Study material below:
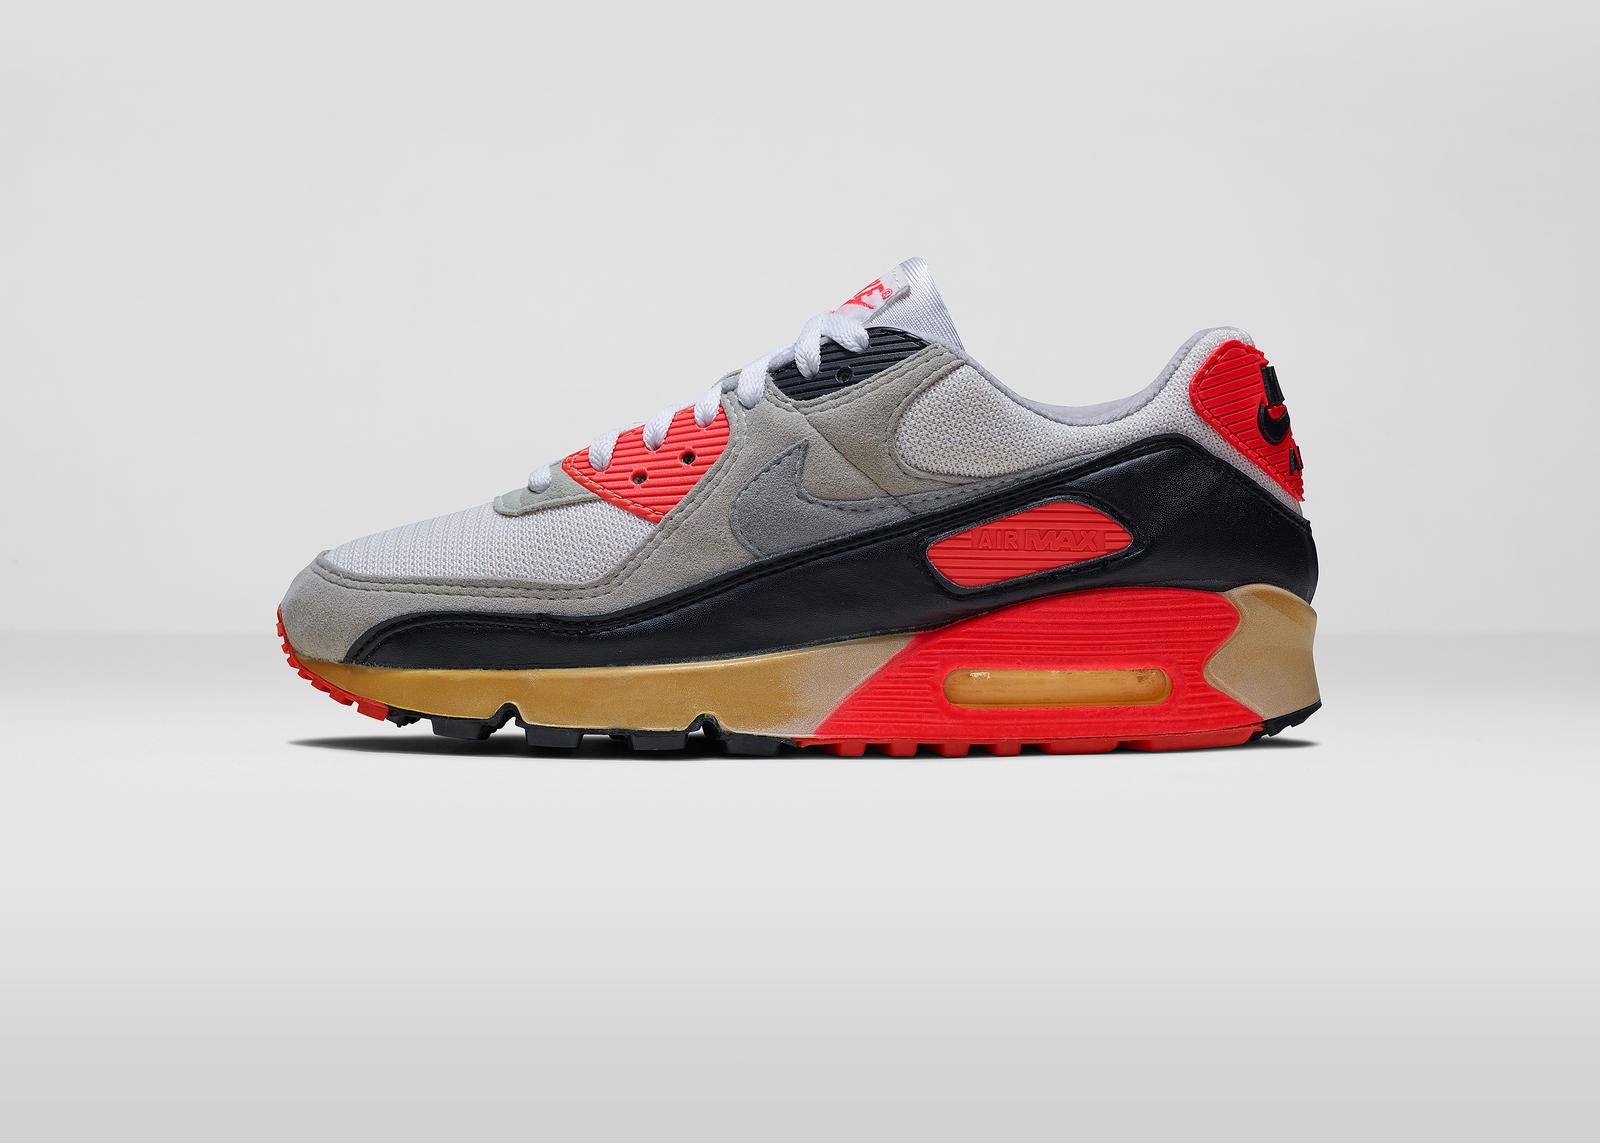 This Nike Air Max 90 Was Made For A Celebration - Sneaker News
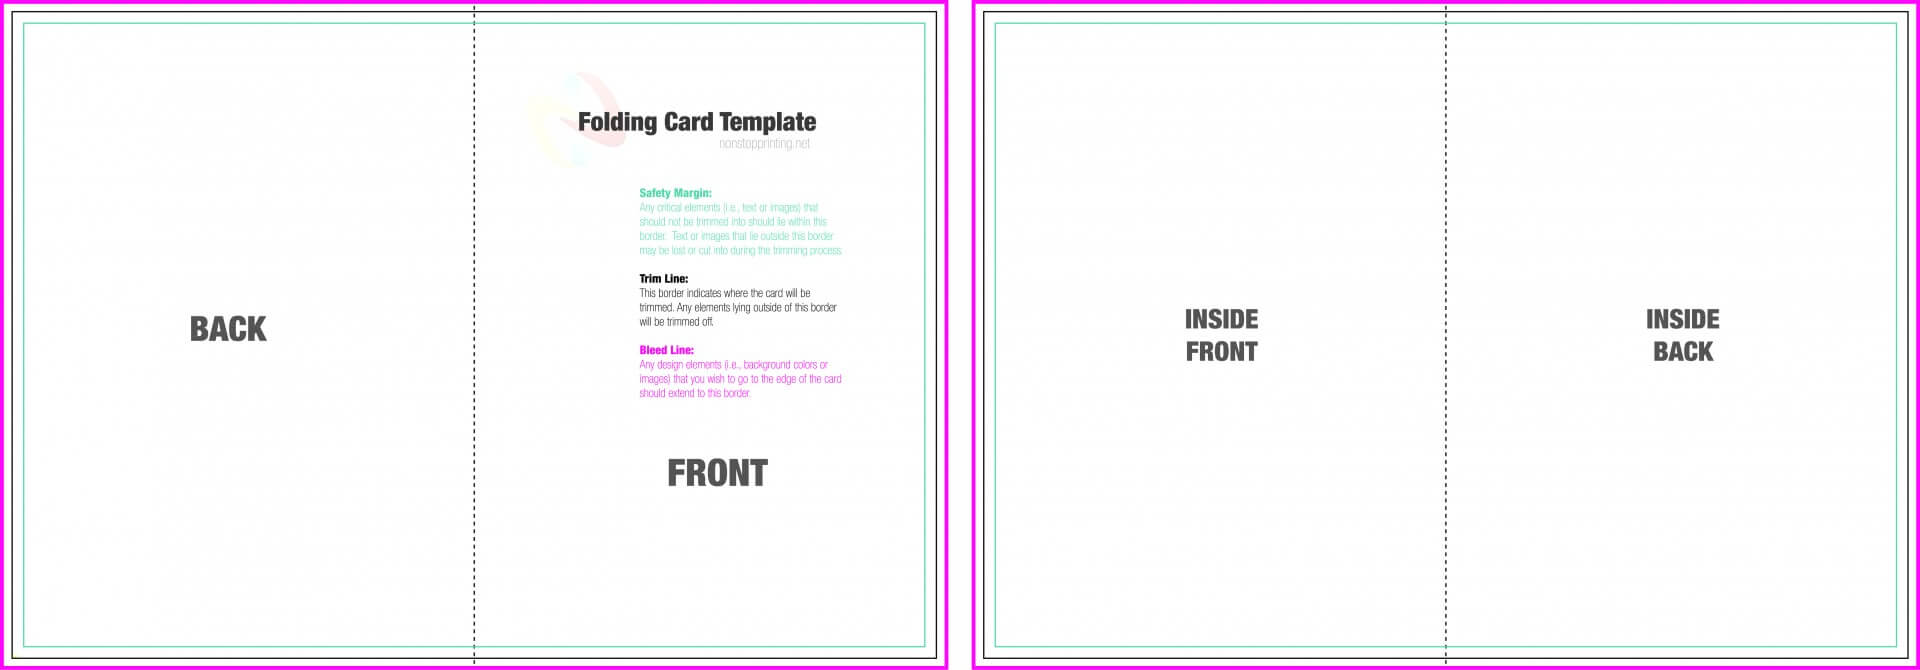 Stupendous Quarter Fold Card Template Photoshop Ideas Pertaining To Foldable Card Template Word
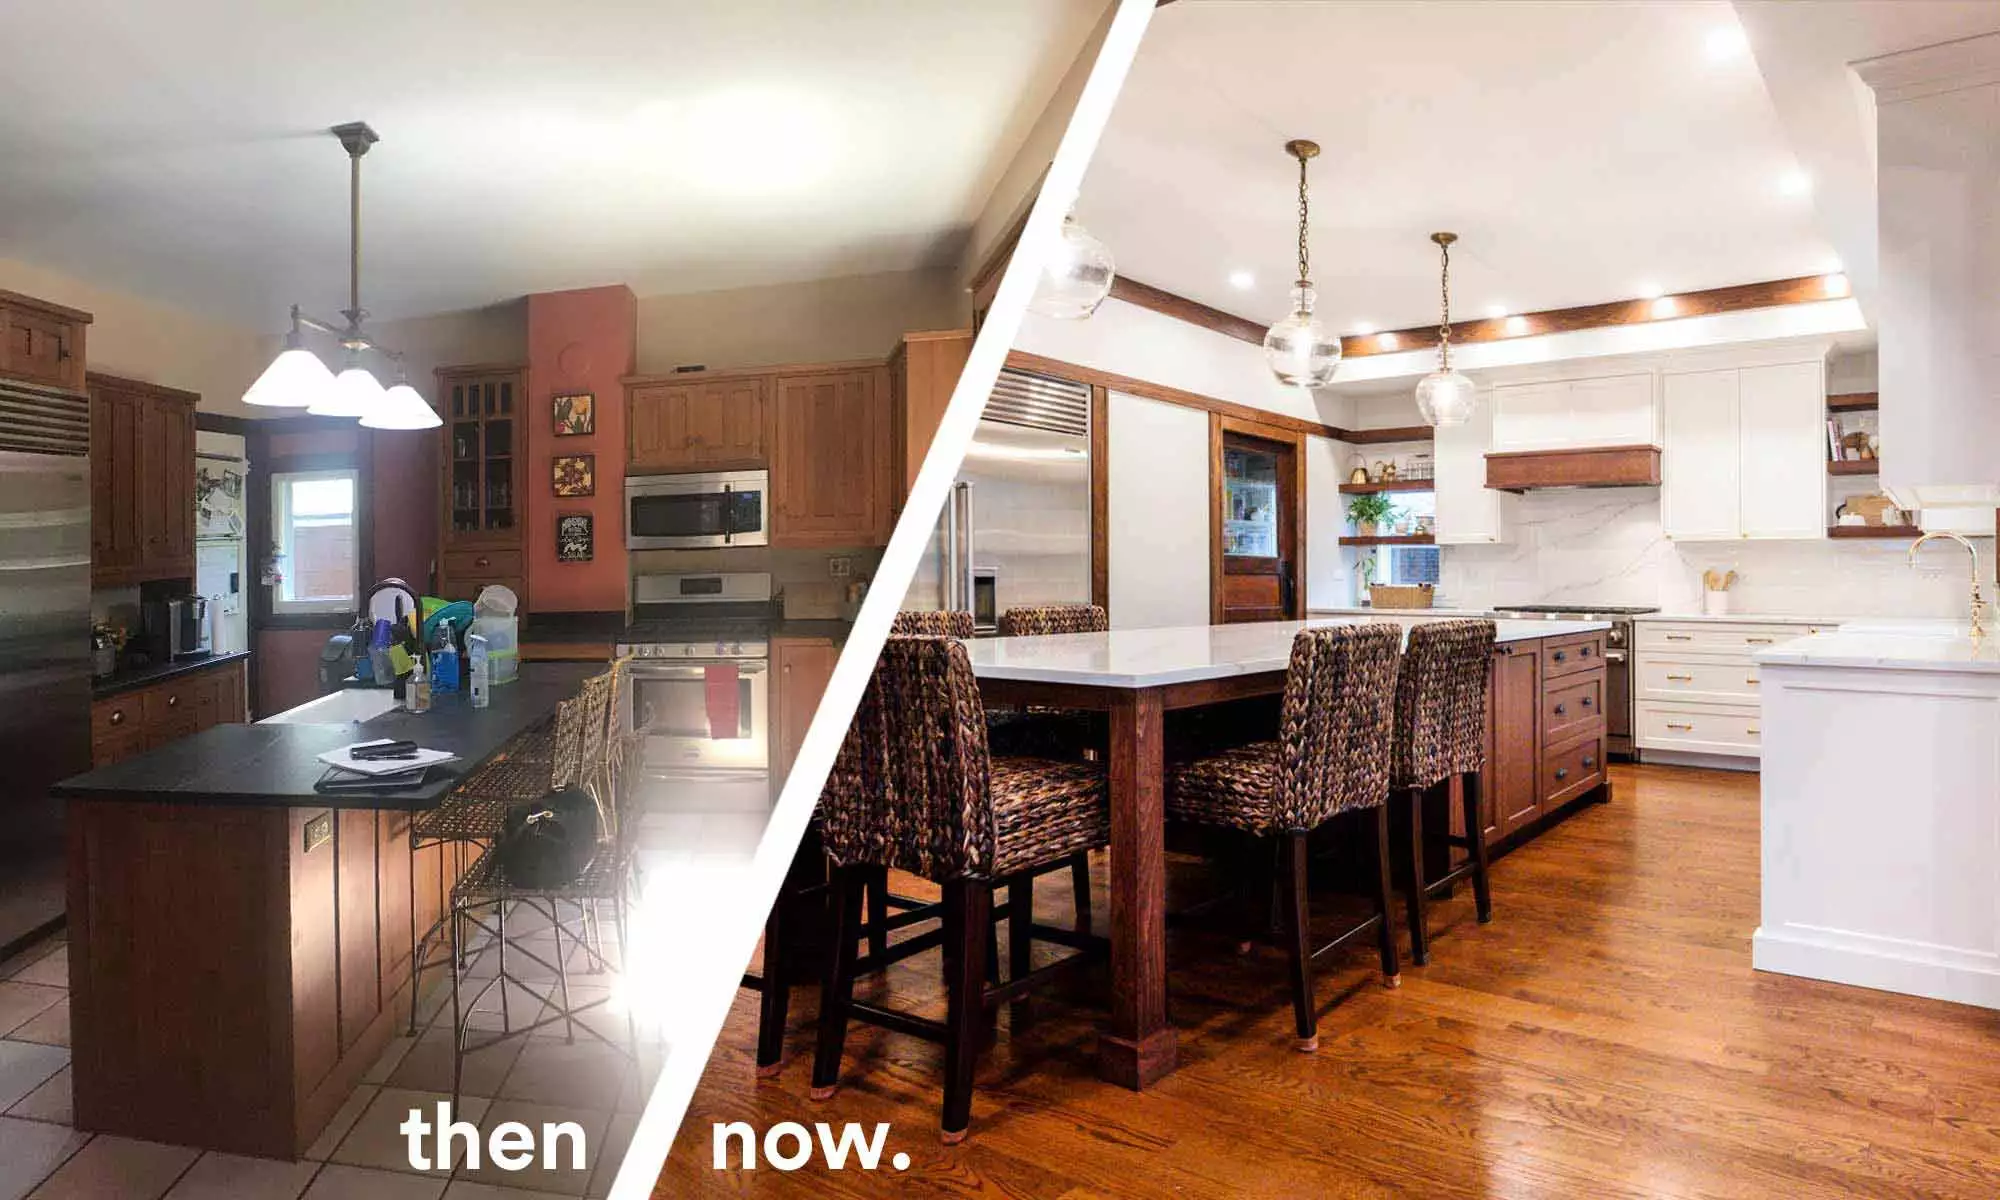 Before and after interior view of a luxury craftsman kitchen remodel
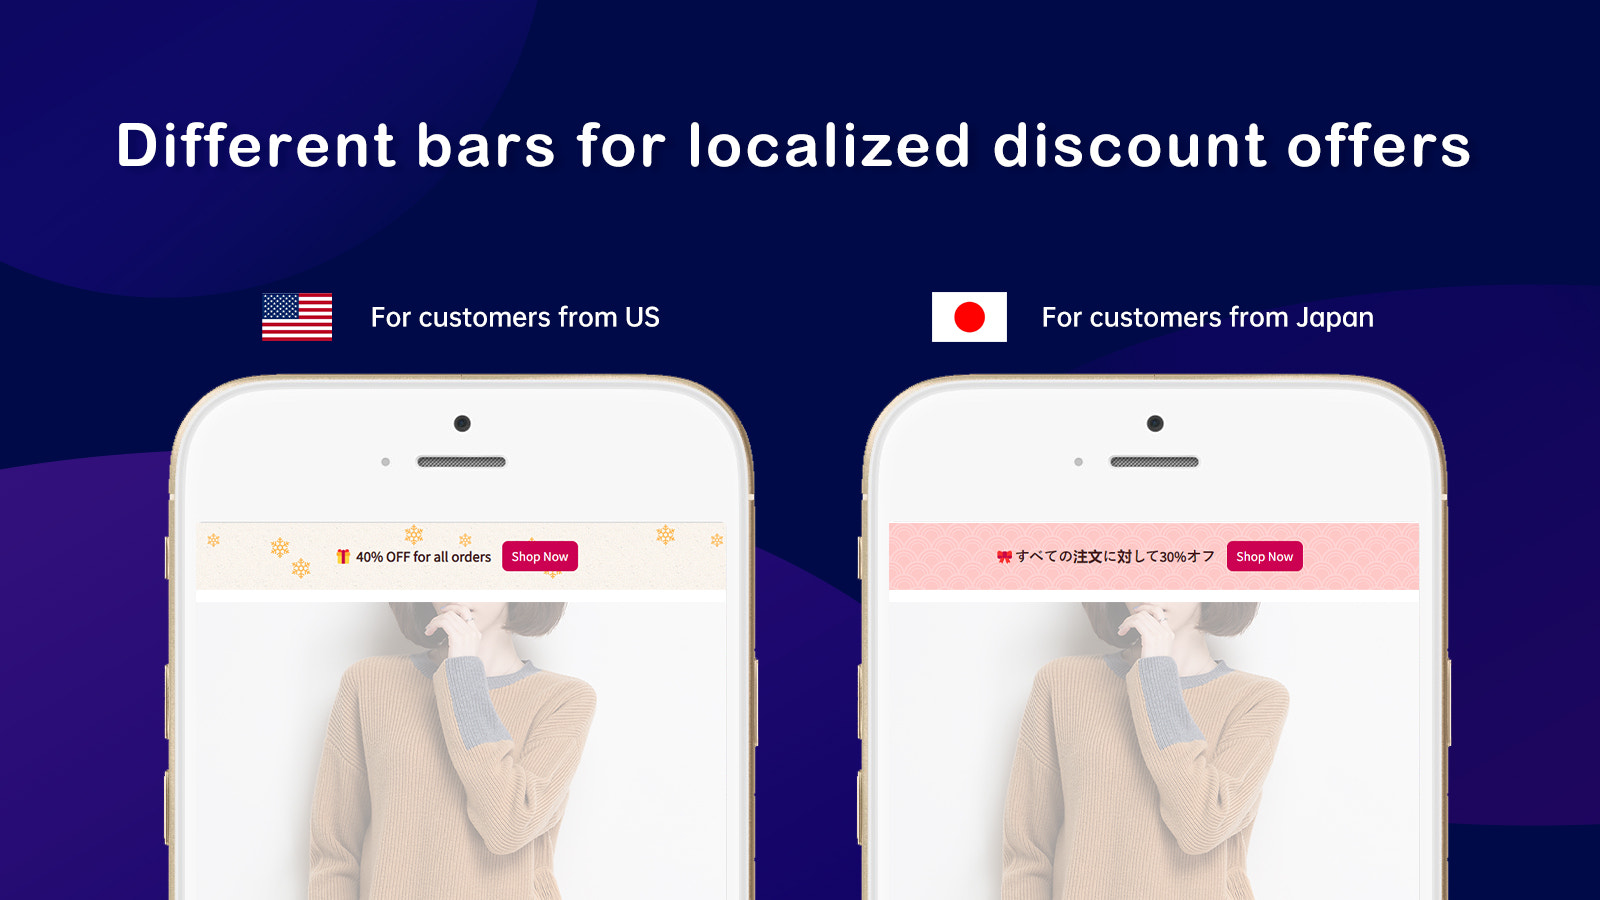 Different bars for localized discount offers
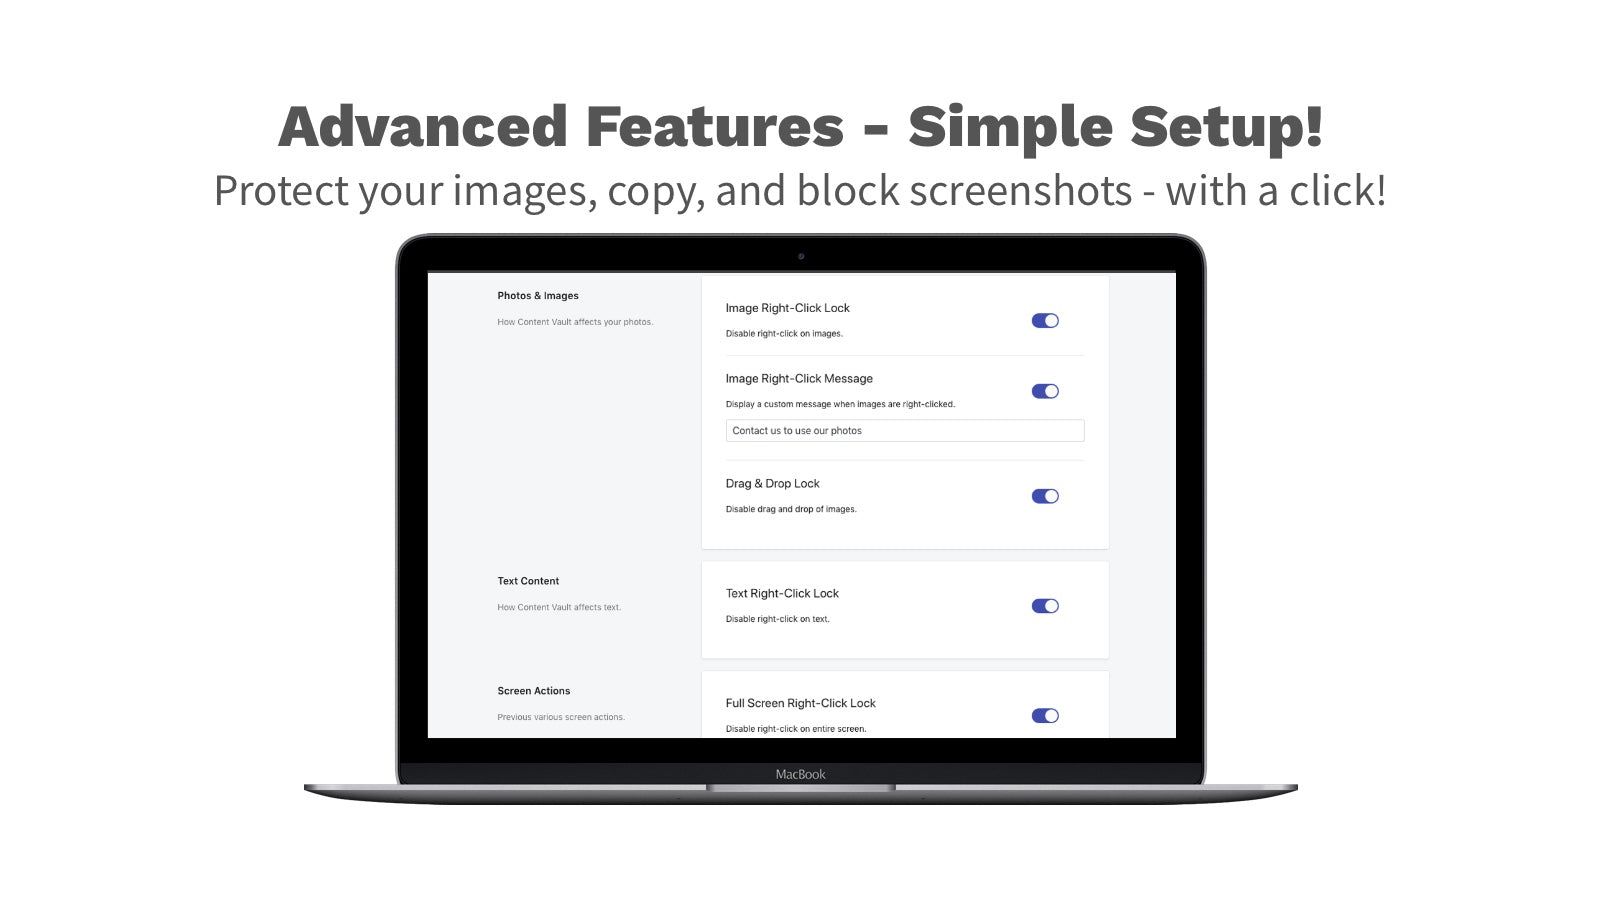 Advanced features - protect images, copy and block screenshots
End of Study material.
**Instructions to follow:**
With all pictures omitted, repeat every record above word for word.

**Answer for the task:**
 This Nike Air Max 90 Was Made For A Celebration - Sneaker News
 Stupendous Quarter Fold Card Template Photoshop Ideas Pertaining To Foldable Card Template Word
 Before and after interior view of a luxury craftsman kitchen remodel
 Different bars for localized discount offers
 Advanced features - protect images, copy and block screenshots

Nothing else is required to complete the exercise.